How to Adapt AI Responsibly on a Limited Budget
Start with low-risk, high-volume tasks. Pilot AI on internal workflows (like document summarization, meeting notes, or de-duplication of records) with only non-sensitive or de-identified data. Ensure human checking before it all goes live or impacts client services.
Create lightweight governance. Write a one-page policy about acceptable use, privacy, disallowed data (such as health records or immigration status), retention, and human review. For quality checks, record prompts and outputs. Engage program staff and community advisers early; they will reveal blind spots.
Select vendors with well-defined data protection. Prefer tools that provide the ability to opt out of model training and offer enterprise controls, and make available security attestations. If possible, handle sensitive information somewhere safe or with local models, not in public APIs.

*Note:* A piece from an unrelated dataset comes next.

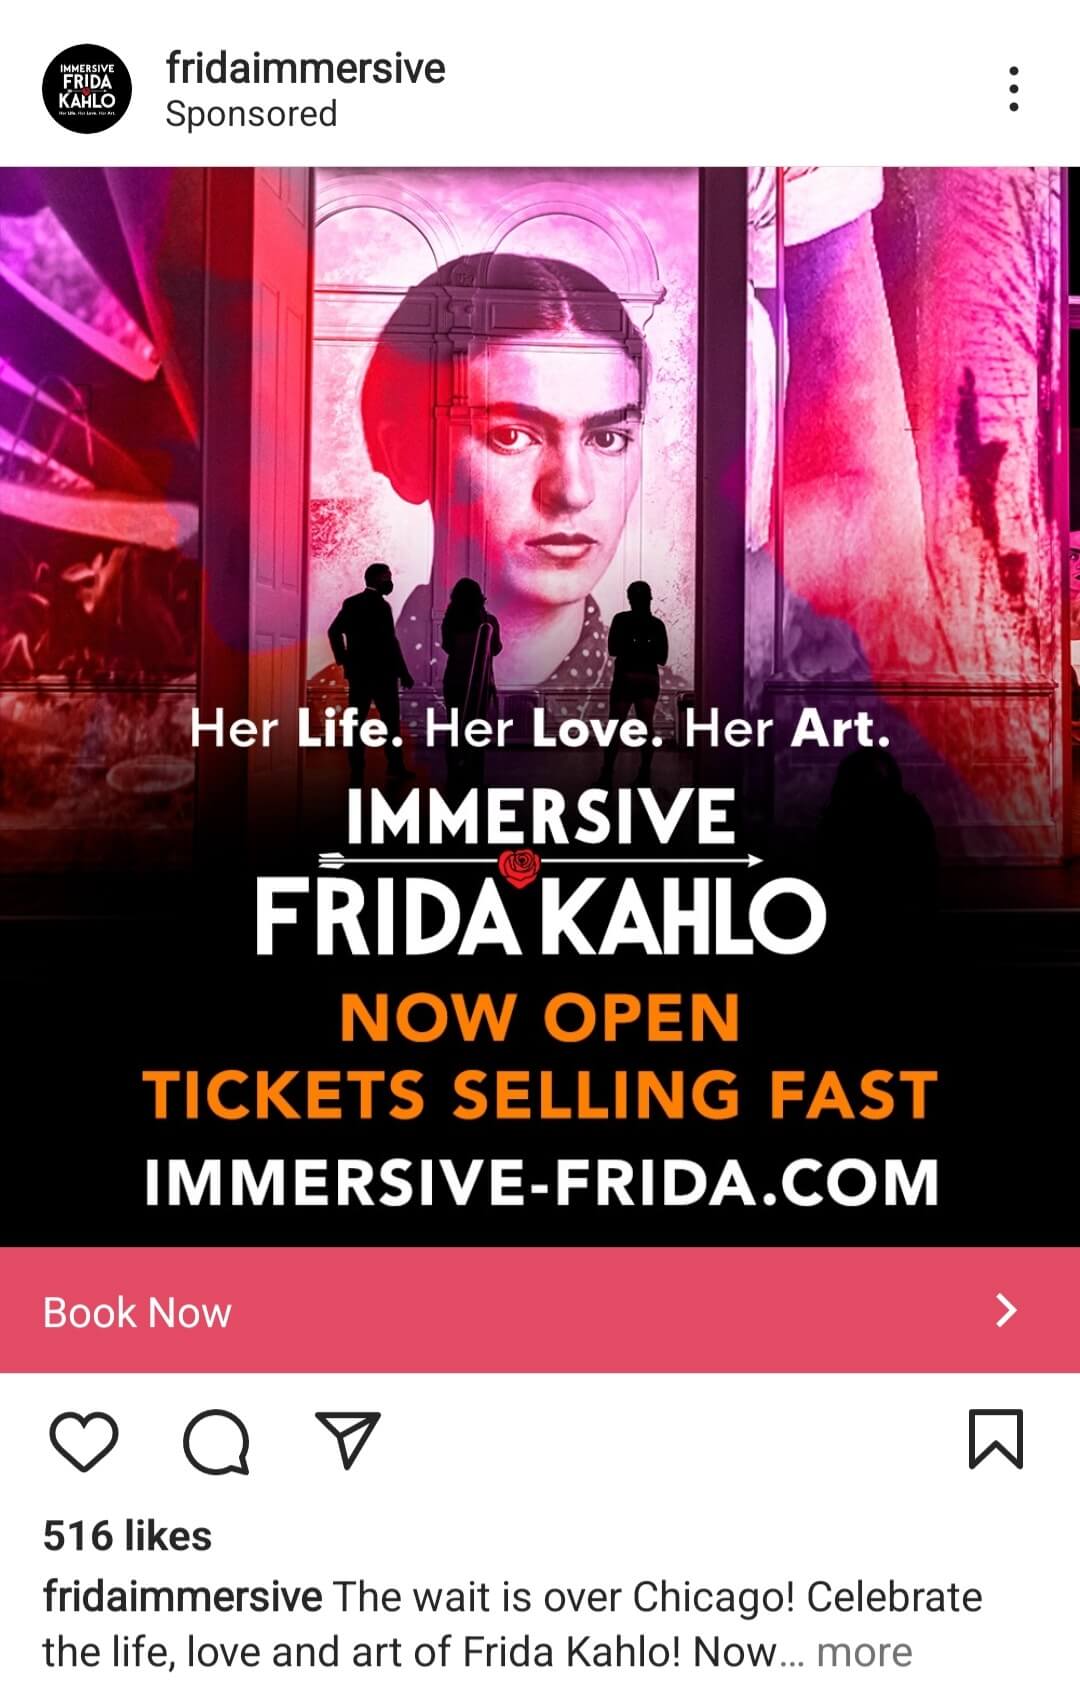 An Instagram ad for an immersive Frida Kahlo exhibit

Invest in people. Staff training that costs a few hours can more than pay for itself in short order. There are accessible curricula available through organizations like TechSoup, NTEN, and community colleges. Keep a record of time saved and outcomes improved so that you can testify to funders about why sustaining support for these functions matters.
Engage funders. Fast Forward’s leadership observes that philanthropy can be the catalyst for safe adoption by underwriting capacity: governance, training, bias testing, and community engagement. Even setting aside 5–10% of a grant specifically for digital infrastructure can be transformational.
The Bottom Line on Responsible AI for Nonprofits
AI has the potential to help nonprofits achieve more with less — but only if impact, equity, and privacy are built in from the beginning. The winners will treat AI as their co-pilot, not a replacement: narrowly scoped and community-informed, with outcomes measured against mission. With the right amounts of targeted investment from funders and pragmatic governance, the sector can indeed capture real efficiency gains while both valuing and protecting the people it’s there to serve.